----- Source information
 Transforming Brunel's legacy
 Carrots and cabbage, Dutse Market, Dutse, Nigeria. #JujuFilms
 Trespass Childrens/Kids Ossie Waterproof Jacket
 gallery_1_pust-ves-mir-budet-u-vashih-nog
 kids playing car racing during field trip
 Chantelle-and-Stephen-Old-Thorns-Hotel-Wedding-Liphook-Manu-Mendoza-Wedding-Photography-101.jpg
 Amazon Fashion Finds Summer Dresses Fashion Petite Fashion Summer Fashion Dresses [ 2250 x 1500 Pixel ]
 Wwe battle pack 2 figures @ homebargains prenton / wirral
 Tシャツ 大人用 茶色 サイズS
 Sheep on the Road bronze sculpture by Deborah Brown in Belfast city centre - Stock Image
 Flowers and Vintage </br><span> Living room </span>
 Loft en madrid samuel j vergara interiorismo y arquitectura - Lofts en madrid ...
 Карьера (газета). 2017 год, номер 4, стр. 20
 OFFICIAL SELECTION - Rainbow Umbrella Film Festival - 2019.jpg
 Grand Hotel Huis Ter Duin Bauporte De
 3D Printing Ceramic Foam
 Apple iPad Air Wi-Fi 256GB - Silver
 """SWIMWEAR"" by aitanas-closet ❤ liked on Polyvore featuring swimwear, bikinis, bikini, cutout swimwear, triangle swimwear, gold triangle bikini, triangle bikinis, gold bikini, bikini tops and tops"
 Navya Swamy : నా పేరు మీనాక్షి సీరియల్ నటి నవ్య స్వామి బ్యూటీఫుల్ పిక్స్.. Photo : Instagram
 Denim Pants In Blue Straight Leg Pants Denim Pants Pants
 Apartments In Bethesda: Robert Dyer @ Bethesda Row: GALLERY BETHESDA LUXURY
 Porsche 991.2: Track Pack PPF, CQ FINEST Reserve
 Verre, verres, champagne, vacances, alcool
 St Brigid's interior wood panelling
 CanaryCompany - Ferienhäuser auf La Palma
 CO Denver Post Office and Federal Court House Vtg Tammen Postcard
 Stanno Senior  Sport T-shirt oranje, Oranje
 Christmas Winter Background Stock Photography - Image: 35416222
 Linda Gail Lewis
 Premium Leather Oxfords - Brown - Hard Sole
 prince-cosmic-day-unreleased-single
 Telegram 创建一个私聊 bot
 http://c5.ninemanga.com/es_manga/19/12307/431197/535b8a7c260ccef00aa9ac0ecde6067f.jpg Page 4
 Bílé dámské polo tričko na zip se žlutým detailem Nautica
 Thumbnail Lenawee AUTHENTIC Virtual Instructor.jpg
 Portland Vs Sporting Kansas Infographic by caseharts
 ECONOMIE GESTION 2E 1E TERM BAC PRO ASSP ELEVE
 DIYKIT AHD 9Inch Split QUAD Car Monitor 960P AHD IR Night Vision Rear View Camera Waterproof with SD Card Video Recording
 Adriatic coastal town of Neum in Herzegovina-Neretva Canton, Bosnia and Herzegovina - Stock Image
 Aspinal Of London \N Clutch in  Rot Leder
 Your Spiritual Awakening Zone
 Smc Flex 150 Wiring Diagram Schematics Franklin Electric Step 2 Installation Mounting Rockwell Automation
----------
▶ **Problem details**
Copy the entries word for word. Leave nothing out.

▶ **Task solution**
 Transforming Brunel's legacy
 Carrots and cabbage, Dutse Market, Dutse, Nigeria. #JujuFilms
 Trespass Childrens/Kids Ossie Waterproof Jacket
 gallery_1_pust-ves-mir-budet-u-vashih-nog
 kids playing car racing during field trip
 Chantelle-and-Stephen-Old-Thorns-Hotel-Wedding-Liphook-Manu-Mendoza-Wedding-Photography-101.jpg
 Amazon Fashion Finds Summer Dresses Fashion Petite Fashion Summer Fashion Dresses [ 2250 x 1500 Pixel ]
 Wwe battle pack 2 figures @ homebargains prenton / wirral
 Tシャツ 大人用 茶色 サイズS
 Sheep on the Road bronze sculpture by Deborah Brown in Belfast city centre - Stock Image
 Flowers and Vintage </br><span> Living room </span>
 Loft en madrid samuel j vergara interiorismo y arquitectura - Lofts en madrid ...
 Карьера (газета). 2017 год, номер 4, стр. 20
 OFFICIAL SELECTION - Rainbow Umbrella Film Festival - 2019.jpg
 Grand Hotel Huis Ter Duin Bauporte De
 3D Printing Ceramic Foam
 Apple iPad Air Wi-Fi 256GB - Silver
 """SWIMWEAR"" by aitanas-closet ❤ liked on Polyvore featuring swimwear, bikinis, bikini, cutout swimwear, triangle swimwear, gold triangle bikini, triangle bikinis, gold bikini, bikini tops and tops"
 Navya Swamy : నా పేరు మీనాక్షి సీరియల్ నటి నవ్య స్వామి బ్యూటీఫుల్ పిక్స్.. Photo : Instagram
 Denim Pants In Blue Straight Leg Pants Denim Pants Pants
 Apartments In Bethesda: Robert Dyer @ Bethesda Row: GALLERY BETHESDA LUXURY
 Porsche 991.2: Track Pack PPF, CQ FINEST Reserve
 Verre, verres, champagne, vacances, alcool
 St Brigid's interior wood panelling
 CanaryCompany - Ferienhäuser auf La Palma
 CO Denver Post Office and Federal Court House Vtg Tammen Postcard
 Stanno Senior  Sport T-shirt oranje, Oranje
 Christmas Winter Background Stock Photography - Image: 35416222
 Linda Gail Lewis
 Premium Leather Oxfords - Brown - Hard Sole
 prince-cosmic-day-unreleased-single
 Telegram 创建一个私聊 bot
 http://c5.ninemanga.com/es_manga/19/12307/431197/535b8a7c260ccef00aa9ac0ecde6067f.jpg Page 4
 Bílé dámské polo tričko na zip se žlutým detailem Nautica
 Thumbnail Lenawee AUTHENTIC Virtual Instructor.jpg
 Portland Vs Sporting Kansas Infographic by caseharts
 ECONOMIE GESTION 2E 1E TERM BAC PRO ASSP ELEVE
 DIYKIT AHD 9Inch Split QUAD Car Monitor 960P AHD IR Night Vision Rear View Camera Waterproof with SD Card Video Recording
 Adriatic coastal town of Neum in Herzegovina-Neretva Canton, Bosnia and Herzegovina - Stock Image
 Aspinal Of London \N Clutch in  Rot Leder
 Your Spiritual Awakening Zone
 Smc Flex 150 Wiring Diagram Schematics Franklin Electric Step 2 Installation Mounting Rockwell Automation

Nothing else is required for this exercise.